> What is needed
In this exercise, restate the listing word for word.

> Data in this exercise
§
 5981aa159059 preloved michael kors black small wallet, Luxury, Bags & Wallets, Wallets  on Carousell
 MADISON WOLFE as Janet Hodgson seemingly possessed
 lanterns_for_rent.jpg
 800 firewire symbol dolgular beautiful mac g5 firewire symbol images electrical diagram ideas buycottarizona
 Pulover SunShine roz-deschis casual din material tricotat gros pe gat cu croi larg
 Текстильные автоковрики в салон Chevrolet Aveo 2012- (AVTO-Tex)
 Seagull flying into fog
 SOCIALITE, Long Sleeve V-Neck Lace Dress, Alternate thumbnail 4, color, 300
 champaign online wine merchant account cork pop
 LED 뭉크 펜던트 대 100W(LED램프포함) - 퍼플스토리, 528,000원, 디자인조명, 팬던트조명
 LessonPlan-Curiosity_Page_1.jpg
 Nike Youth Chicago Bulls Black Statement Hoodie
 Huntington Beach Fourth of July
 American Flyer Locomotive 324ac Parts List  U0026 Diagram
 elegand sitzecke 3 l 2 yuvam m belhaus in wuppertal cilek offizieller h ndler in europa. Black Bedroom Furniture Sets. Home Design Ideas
§
> Finished task
 5981aa159059 preloved michael kors black small wallet, Luxury, Bags & Wallets, Wallets  on Carousell
 MADISON WOLFE as Janet Hodgson seemingly possessed
 lanterns_for_rent.jpg
 800 firewire symbol dolgular beautiful mac g5 firewire symbol images electrical diagram ideas buycottarizona
 Pulover SunShine roz-deschis casual din material tricotat gros pe gat cu croi larg
 Текстильные автоковрики в салон Chevrolet Aveo 2012- (AVTO-Tex)
 Seagull flying into fog
 SOCIALITE, Long Sleeve V-Neck Lace Dress, Alternate thumbnail 4, color, 300
 champaign online wine merchant account cork pop
 LED 뭉크 펜던트 대 100W(LED램프포함) - 퍼플스토리, 528,000원, 디자인조명, 팬던트조명
 LessonPlan-Curiosity_Page_1.jpg
 Nike Youth Chicago Bulls Black Statement Hoodie
 Huntington Beach Fourth of July
 American Flyer Locomotive 324ac Parts List  U0026 Diagram
 elegand sitzecke 3 l 2 yuvam m belhaus in wuppertal cilek offizieller h ndler in europa. Black Bedroom Furniture Sets. Home Design Ideas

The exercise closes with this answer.